Where the Water Tastes Like Wine

Where the Water Tastes Like Wine

is a Narrative-Adventure game about traveling, sharing stories, and surviving manifest destiny. Featuring gorgeous hand-drawn illustrations, Where the Water Tastes Like Wine combines 2D visuals with a 3D overworld US map.Players wander across a folkloric Depression era United States at their own pace, meeting strangers with their own stories to tell. Through these interactions, players will be able to collect unique stories which can then be re-told to unlock new interactions. In this way the in-game stories themselves act as a currency to progress through the game, and it’s up to the player to pair the right story with the unique needs of each of the characters that you will encounter throughout your travels. Only through these right pairings will characters reveal their true selves, and bestow you with the most powerful stories, the true ones which reveal something about their own lives. In Where The Water Tastes Like Wine, stories organically take on a life of their own as they grow larger and transform as they're told- and re-told.

Game Features

  • "Big Rock Candy Mountain? El Dorado? The place over the hill where they say the water tastes just like the sweetest wine?": Travel the Depression-Era United States, laboring to pay off a debt by learning the true stories of 16 signature characters across a wide range of American experience from migrant workers to a travelling preacher to a Navajo woman forcibly relocated on the Long Walk.
  • "This whole land's built on stories; it's one big story, America is": As you explore, you'll encounter strange and unsettling things: slices of a country built on dust clouds and murky dreams, where the folk tales are bleeding through.

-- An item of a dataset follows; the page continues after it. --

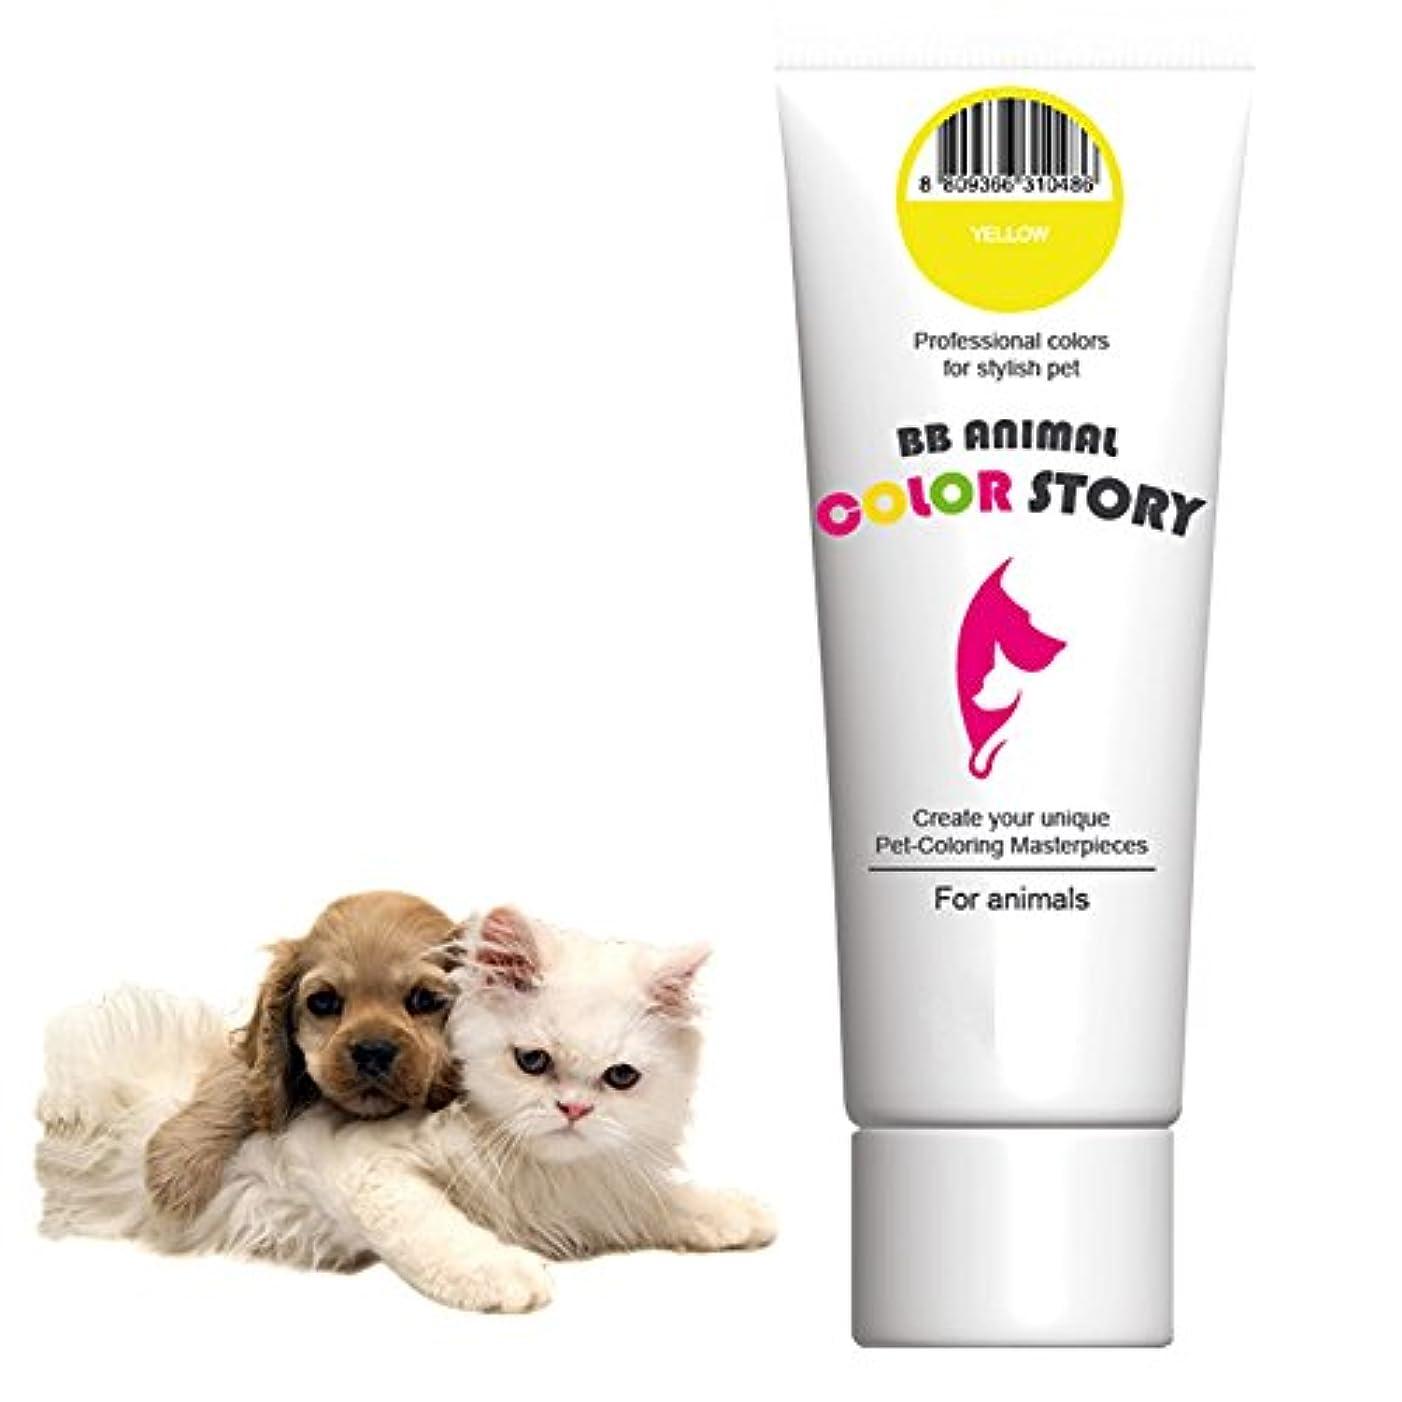 可聴物足りない慈悲深い毛染め, 犬ヘアダイ Yellow カラーリング Dog Hair Hair Bleach Dye Hair Coloring Professional Colors for Stylish Pet 50ml 並行輸入

You'll carry those tales with you, swapping them round campfires to make the cast of characters open up to you and share their own stories.
  • "The greatest stories are the true ones; the ones people will tell you about their own lives": The stories you share will return to you along your journey, changed in the telling as they've made their way around the country. As you meet the characters time and again on your travels, they will grow to trust you and, hopefully, share their true selves with you. Only by learning all their real stories can you pay off your debt.
  • Beautiful combination of 3D overworld and hand drawn 2D illustrations
  • Original stories written by a wide selection of accomplished authors
  • Fully voiced characters from all walks of life brought to life by world-renowned voice acting talent, including Sting, Dave Fennoy (The Walking Dead: A Telltale Game Series), Cissy Jones (Firewatch), Kimberly Brooks (Mass Effect), Sarah Elmaleh (Gone Home), Melissa Hutchison (The Walking Dead: A Telltale Game Series), Elizabeth Maxwell (The Legend of Zelda: Breath of The Wild), and many more.
  • A hauntingly beautiful original soundtrack arranged by celebrated composer Ryan Ike and featuring performances from a collection of gifted musicians.
  • An emerging fantastical, psychedelic and surreal overarching atmosphere.
  • "I hope you find what you're looking for"
Minimum Requirements
OS: Windows 7, 8, 10
Processor: Intel Core2 Duo E4500 (2 * 2200) or equivalent/AMD Athlon 64 X2 4200+ (2 * 2200) or equivalent
Memory: 1 GB RAM
Graphics: GeForce 8500 GT (512 MB)/Radeon HD 4350 (512 MB)
DirectX: Version 9.0c
Storage: 6 GB available space
Minimum Requirements
OS: Mac OS X 10.8 or Later
Processor: Intel Core 2 Duo or faster
Memory: 1 GB RAM
Graphics: AMD Radeon HD 5750/Nvidia GT 450 or higher
Storage: 6 GB available space
Minimum Requirements
OS: Ubuntu 12.04 or later
Processor: Intel from 1.2 GHz or equivilent AMD family
Memory: 1 GB RAM
Graphics: AMD Radeon HD 5750/Nvidia GT 450 or higher
Storage: 6 GB available space
  • Where the Water Tastes Like Wine is an incredible achievement, and the latest in a growing body of games that really push the bounds of what the medium can do. It is, at its heart, a game about stories, and the incredible power that they have, brought to life in the most beautiful way possible.

  • PC PowerPlay

    A wonderful, strange, sad trek through the myth of America. [Issue#270, p.52]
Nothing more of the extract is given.